Can someone shed some light on this? I all just happened randomly, the pc was working fine before.. I didn't do any flashing or anything, just one day tried to boot and got this!
:mad:
 
the rest of my system is
pentium 4 3gig, 1gb kingston ram, 9800 pro, and the usual soundcards, dvd roms etc..
 
Ehhh thats never a good sign. I flashed my BIOS and on startup it said CMOS Invalid or incorrect size and I almost flipped out...hit F2 to continue with defaults and nothin but black screen....rebooted and somehow it took to the new BIOS. I've never really heard of one day it just said BIOS Checksum error....do you have a boot disk or anything like that. If it happened randomly...then its really hard to diagnose and problems with the BIOS usually don't lead to good things. You said you already tried clearing the CMOS, did you do that by the jumpers or did you take the battery out. The only suggestion I could say is maybe take the battery out for 24 hours and maybe try using the flash utility again. I know this wasn't that informative but the BIOS is pretty sensitive and besides changing my FSB or something like that I don't like to deal with it.
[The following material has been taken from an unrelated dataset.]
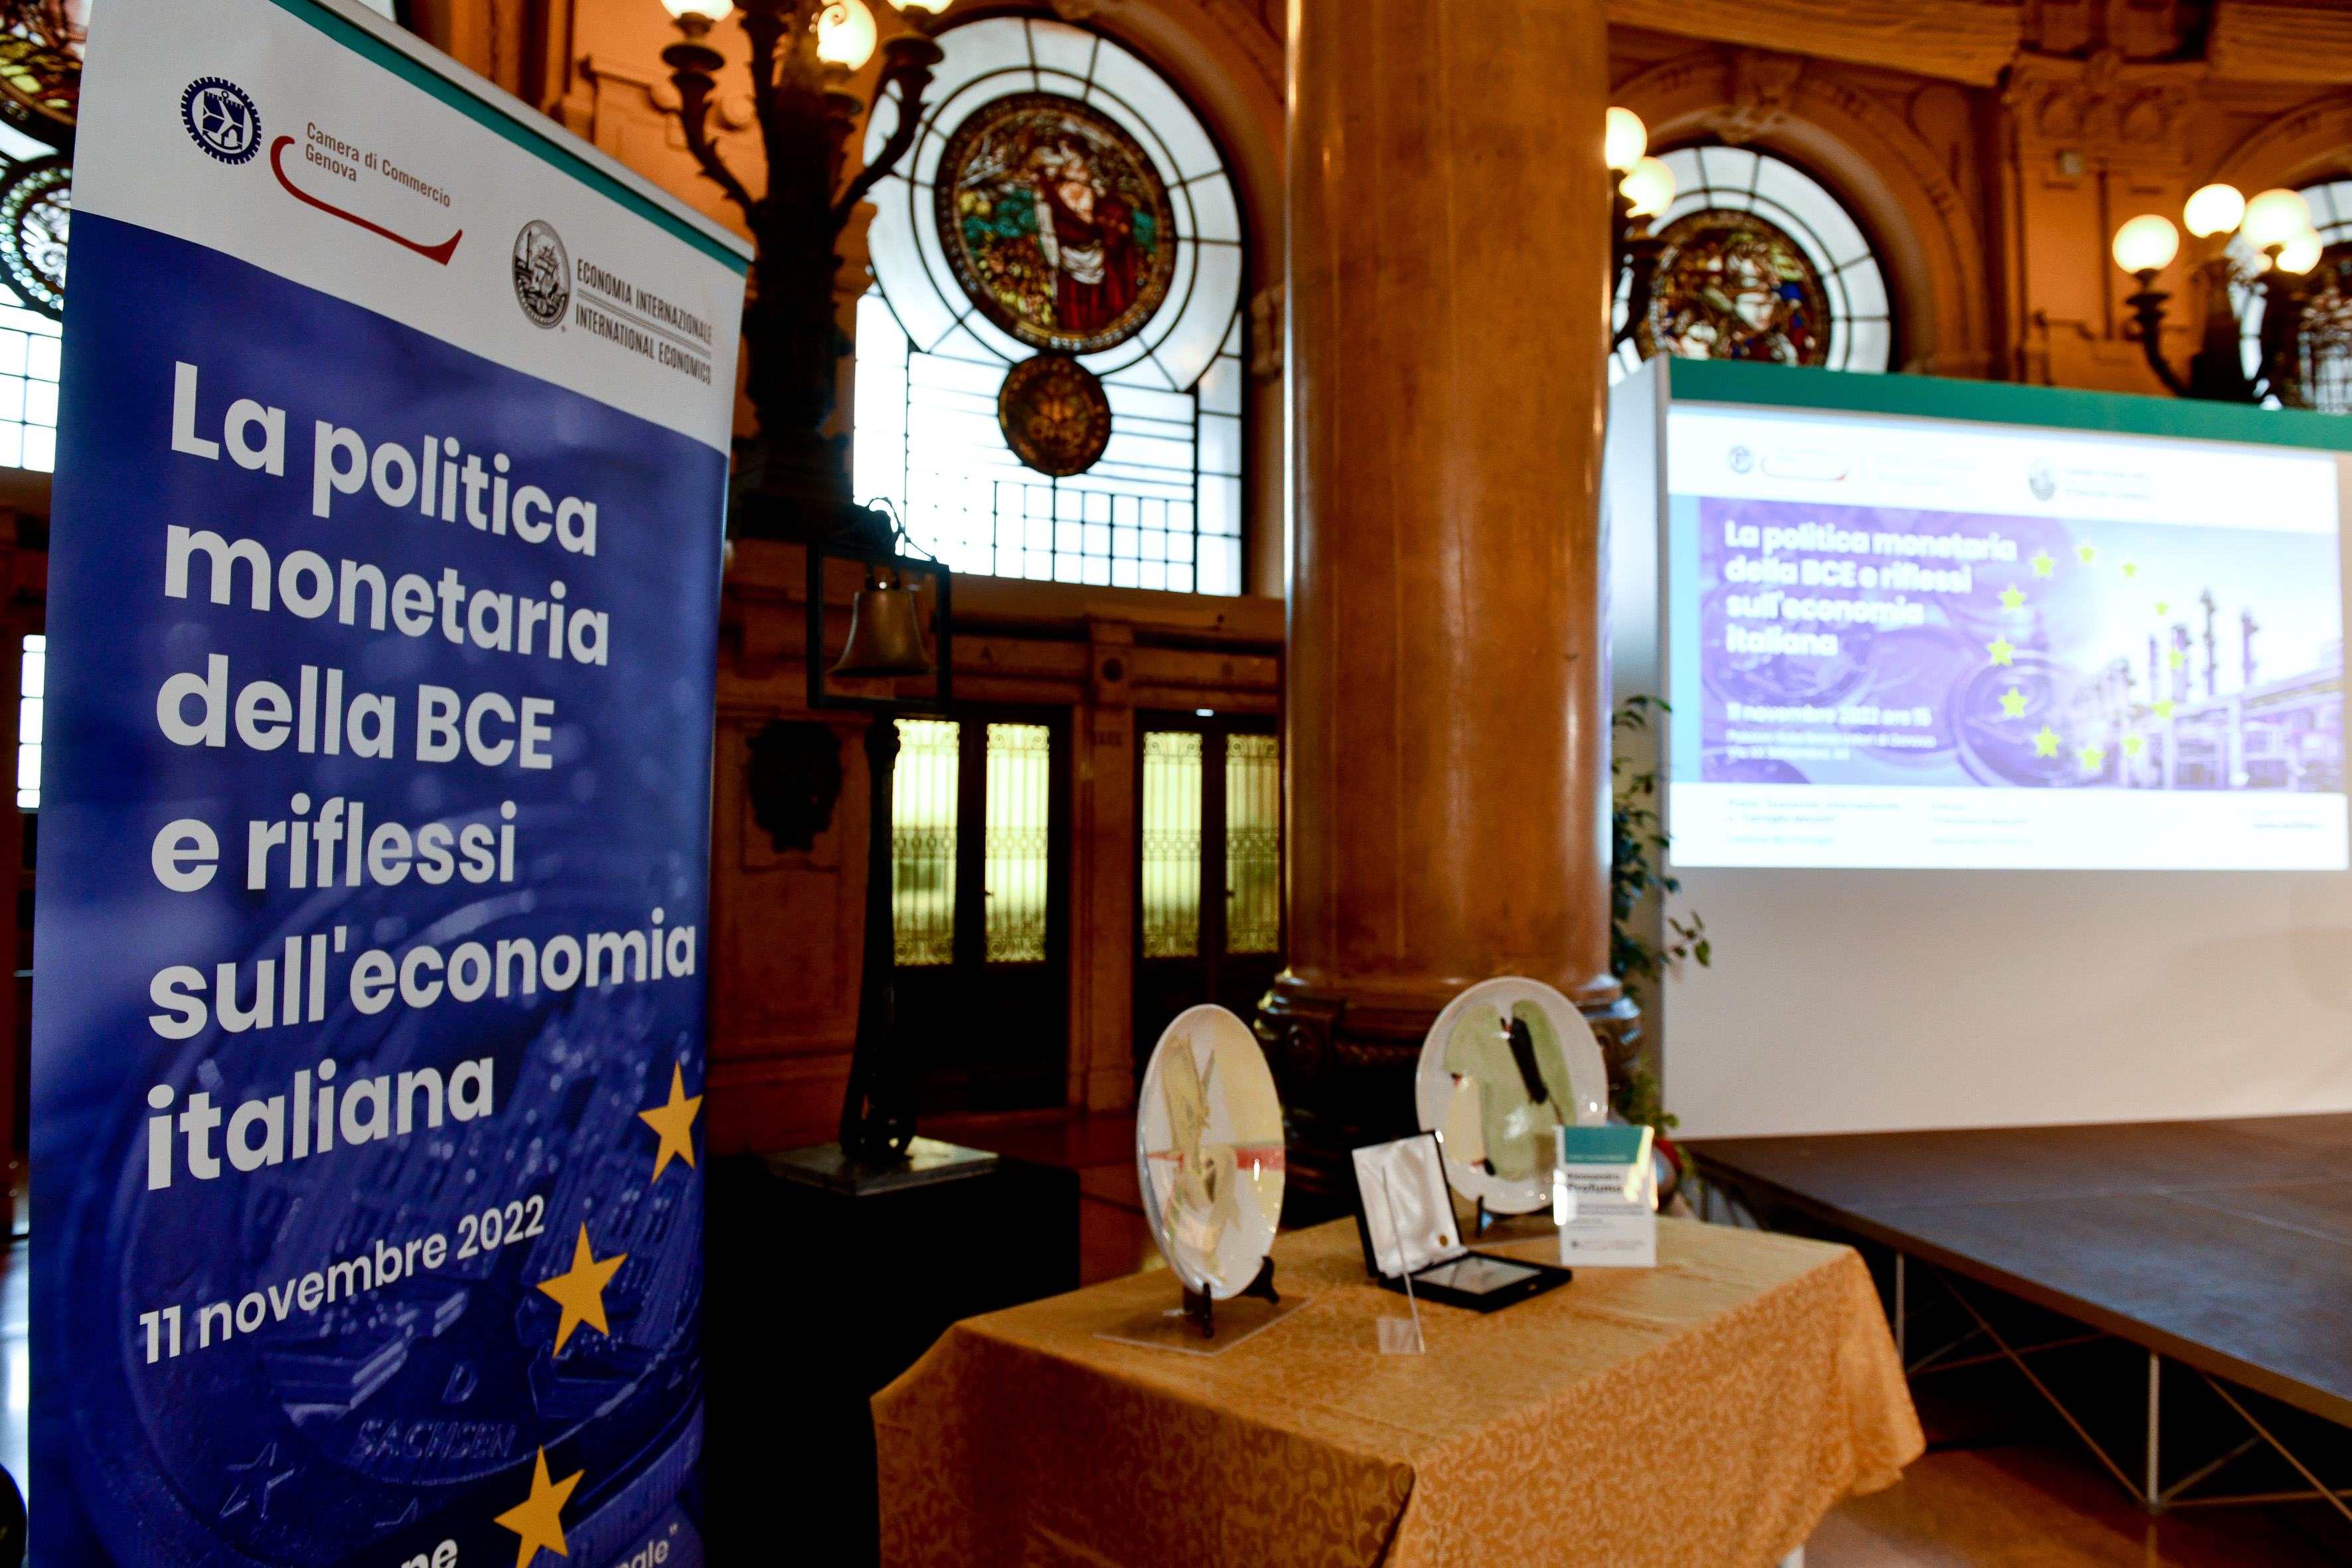 Evento annuale "La politica monetaria della BCE e riflessi sull'economia italiana", Borsa Valori 11 novembre 2022 - Assegnazione premi camerali "Economia Internazionale" e "Francesco Manzitti"

Good luck to you
 
i haven't taken the battery out yet, just did it with the jumper like the manual says..
 
Clearing the CMOS with the jumper has the same effect as removing the battery for a short period of time.

If the BIOS is actually corrupt, it would be very difficult to restore.
 
If the BIOS is actually corrupt, it would be very difficult to restore.

...basically yeah =/ I was trying to avoid telling him that =P jk yeah I realize that clearing the CMOS is clearing the CMOS, but I'm on of those that tries a different way to achieve the same thing in hopes that for whatever weird reason it works out in the end.